A post caught my eye on the MS Society forums the other day. An anonymous person wrote, ‘what would you have done if you didn’t have MS?’
There were some curt replies – ‘a futile question’, ‘this question is a bit pointless’, ‘I don’t think there’s any point wondering about this.’ But the second part of the question actually gave it a point – ‘Or have you been able to do all the things you want or wanted to do with just a few adjustments?’
I think this is perfectly reasonable to ask, especially as it was posted in the ‘new diagnosis and before diagnosis’ forum. Isn’t this what we all ask ourselves after we’ve been diagnosed?

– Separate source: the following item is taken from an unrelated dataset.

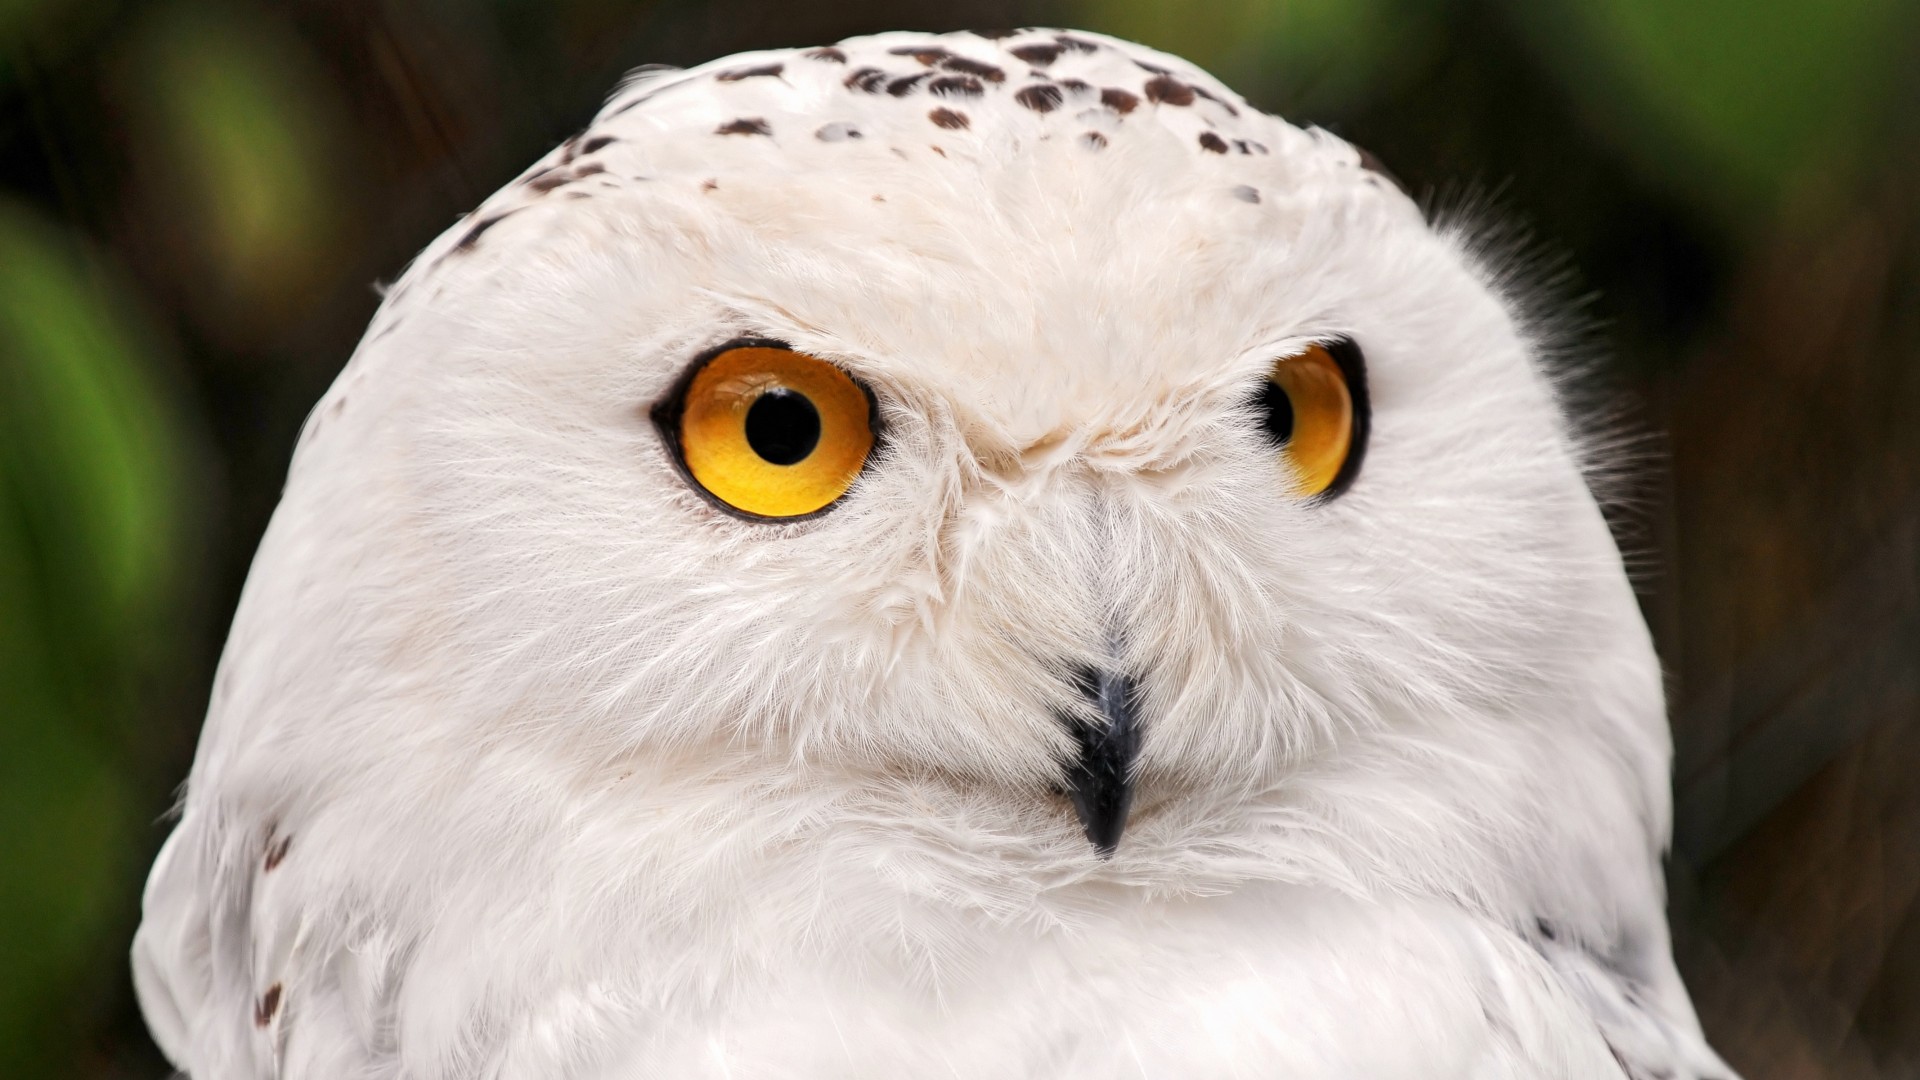 snowy owl, yellow eyes, portrait, wild nature (horizontal)

Someone also replied that this was the same as wondering what it would have been like to be born a boy instead of a girl. Well, no, it isn’t. We’d be none the wiser if that had happened. MS generally strikes in the middle of someone’s life, there is a definite before and after.
Since being diagnosed, I have had to tweak my career path. Who knows if it’s better or worse than what I had previously planned? It’s just been modified to take MS into account. In a twisted way, MS has added a sense of purpose and drive to my life, which, truth be told, was meandering quite merrily towards an unknown destination. Essentially, MS has given me a massive boot right where I needed it. MS made me reconsider my life from every single angle, and how many people get that chance whilst still relatively young?
Or is it just too easy to blame MS for everything? ‘It’s not me, it’s my MS.’ It’s a cast-iron excuse, something to fall back on when the going gets tough. I hold my hands up. There were many, many times when I wailed ‘my life is over, s’over, s’not fair.’ For almost two years I convinced myself I had no future, nothing worthwhile to contribute to society. I’m not saying MS is a blessing. Far from it. But if we have to live with it, we have to make it work for us.
So, if we look at the question again, we could ask ourselves, ‘What would you have done if you didn’t have MS, and why aren’t you doing it?’